CDAD case-patients were defined as inpatients with positive C. difficile stool toxin assays (TechLab, Blacksburg, VA, USA). The microbiology laboratory only performs toxin tests on unformed stool, so all patients with a positive result for toxin were considered case-patients. Both community-onset and hospital-onset CDAD case-patients were included in the analyses.

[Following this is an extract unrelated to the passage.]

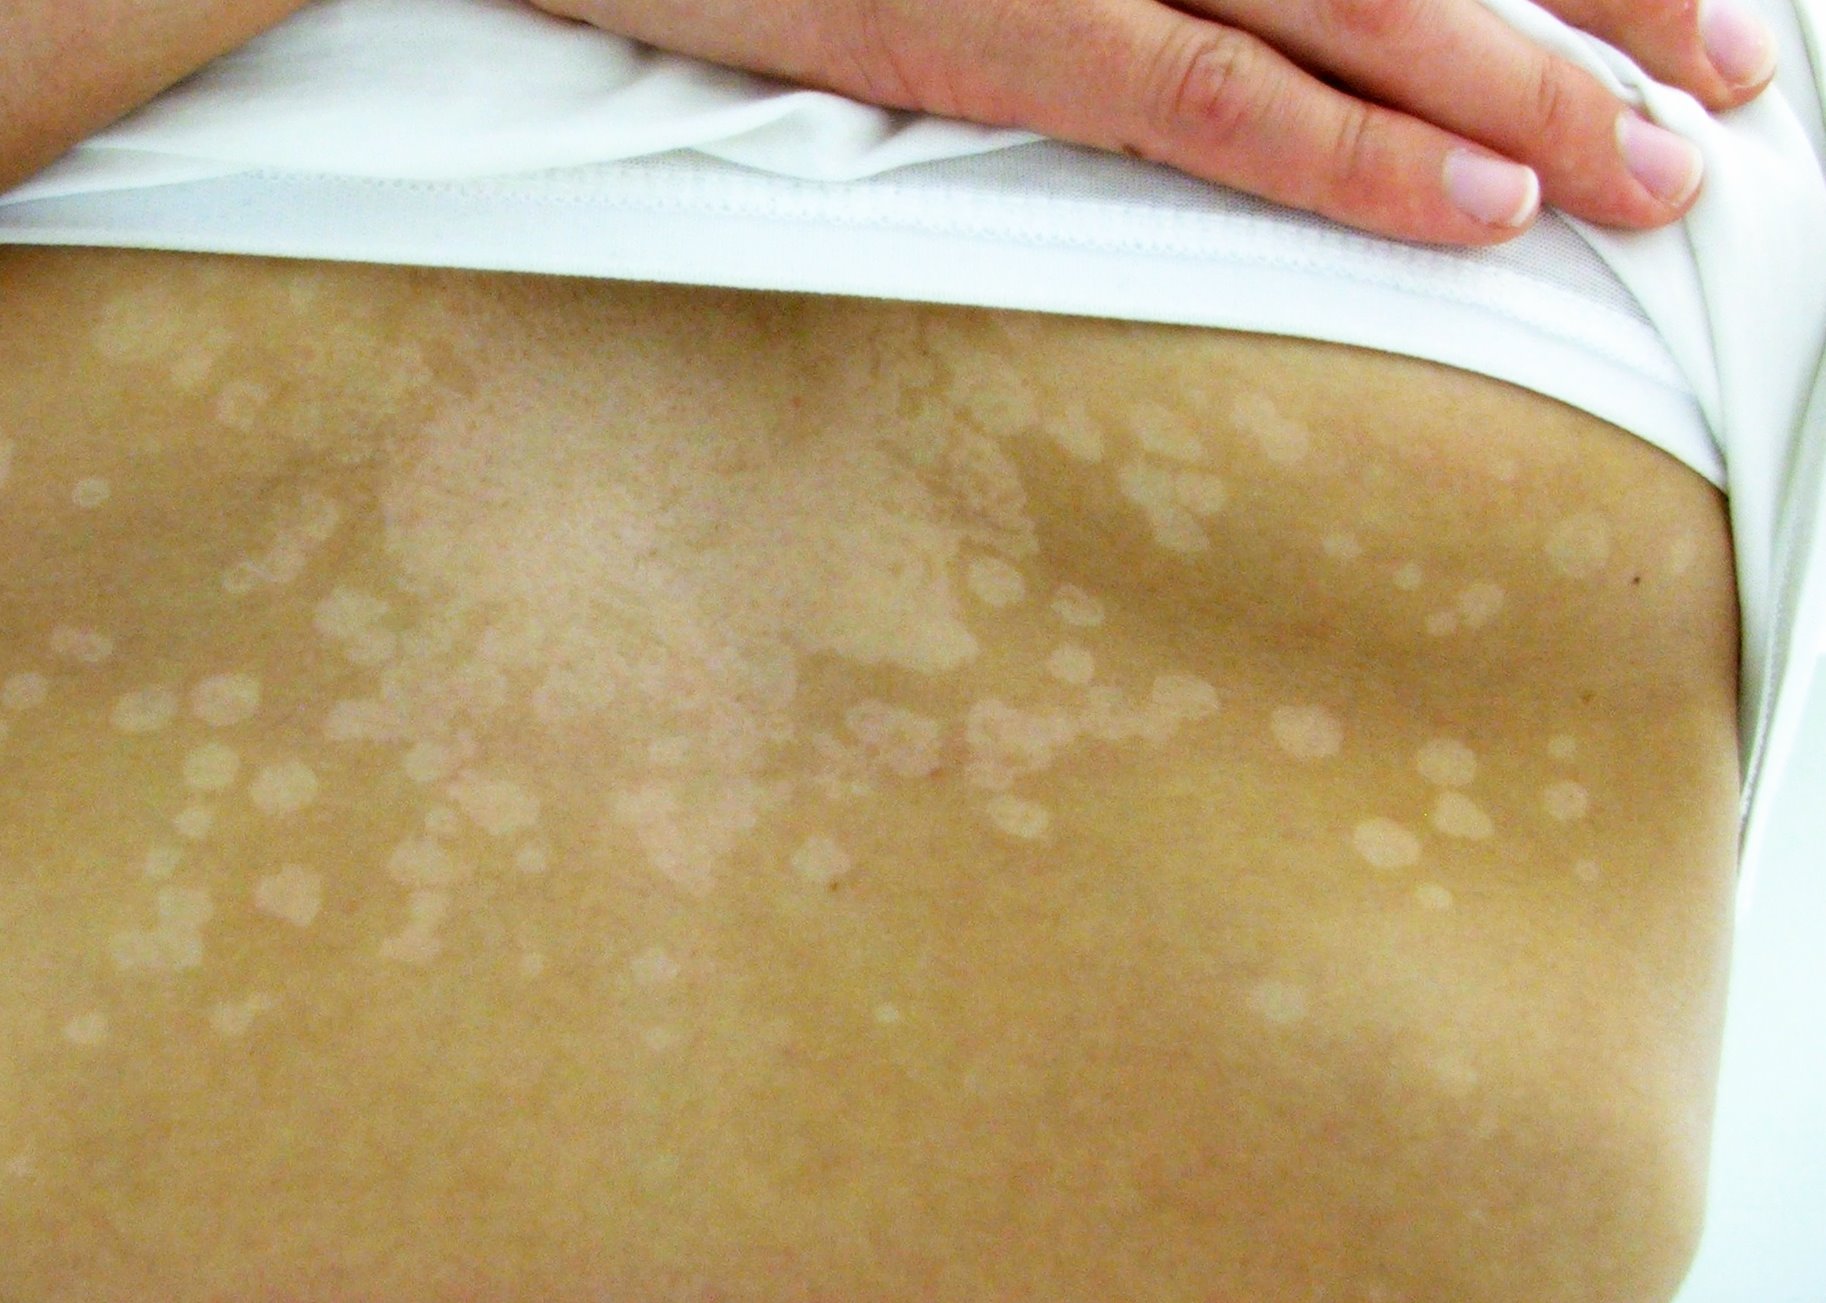 Tinea Versicolor or Pityriasis Versicolor-Causes-Diagnosis-Best Treatment-Best Homeopathic doctor in Pakistan-Dr Qaisar Ahmed-Al Haytham clinic-Risalpur

Analyses were performed on the full cohort and a nested case–control population. The first component was a retrospective cohort. For CDAD patients, the admission date when the patient’s CDAD was first identified was used as the index admission. For noncases with >1 admission during the study period, 1 admission was randomly selected as the index admission. The nested case–control population consisted of propensity score matched cases and controls from patients identified in the cohort.

Data Analysis

Survival was defined as the number of days from the index hospital admission until death. Survival was censored at 180 days. Time to readmission was calculated as the number of days between the index hospitalization discharge date and the date of the subsequent admission to BJH, if applicable. Days until readmission were censored at death or 180 days, whichever occurred first.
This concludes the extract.